The Company will not, without CRT's prior written consent, settle, compromise, consent to the entry of any judgment in or otherwise seek to terminate any Action in respect of which indemnification may be sought hereunder (whether or not any Indemnified Person is a party thereto) unless such settlement, compromise, consent or termination includes an unconditional release of each Indemnified Person from all Damages arising out of such Action.

 
 

 

In order to provide for just and equitable contribution, if a claim for indemnification is made pursuant to these provisions, but it is found in a final judgment by a court of competent jurisdiction (not subject to further appeal) that such indemnification is not available for any reason even though the express provisions hereof provide for indemnification in such case, then the Company, on the one hand, and CRT on the other hand, shall contribute to such Damages for which such indemnification or reimbursement is held unavailable in such proportion as is appropriate to reflect the relative benefits to the Company and its shareholders and creditors, on the one hand, and CRT on the other hand, in connection with the actions contemplated by the engagement, subject to the limitation that in any event the aggregate contribution of CRT and all Indemnified Persons to all Damages to which contribution is available hereunder shall not exceed the amount of fees actually received by CRT pursuant to the Engagement Letter. For the purposes of this agreement, the relative benefits to the Company and its shareholders and creditors, on the one hand, and CRT, on the other hand, of the Engagement shall be deemed to be in the same proportion as (a) the total value paid or contemplated to be paid or received or retained or contemplated to be received or retained by the Company and its shareholders and creditors in the transaction or transactions that are the subject of the Engagement, whether or not any such transaction is consummated, bears to (b) the fees paid or contemplated to be paid to CRT under the Engagement Letter.

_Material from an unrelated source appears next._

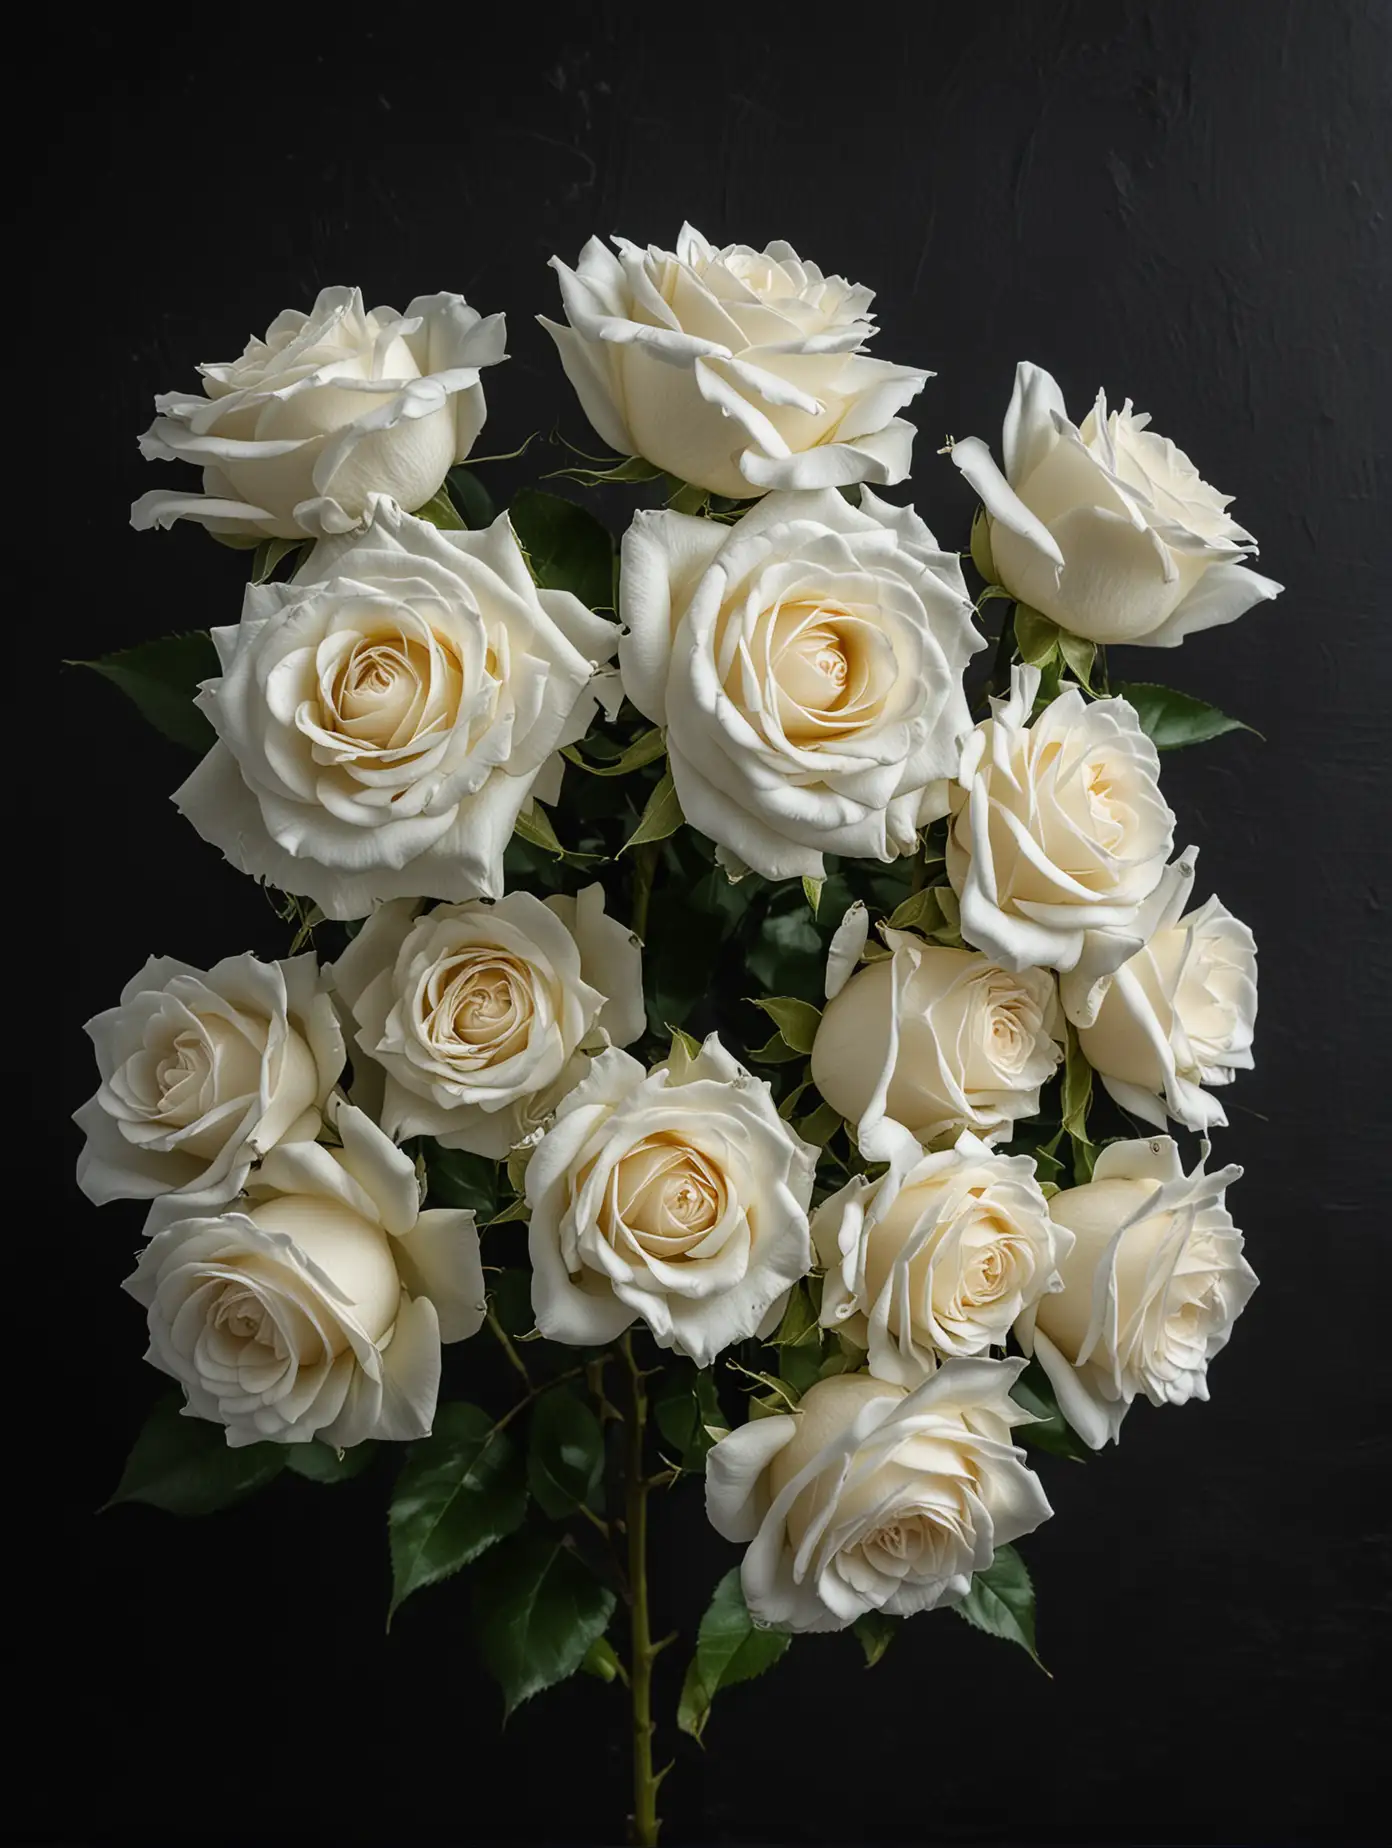 Elegant White Roses on Black Background

The foregoing right to indemnity and contribution shall be in addition to any rights that CRT or any other Indemnified Person may have at common law or otherwise and shall remain in full force and effect following the completion or any termination of CRT's engagement and shall be binding on and inure to the benefit of the successors, assigns, heirs and personal representatives of the Company and CRT and any other Indemnified Party.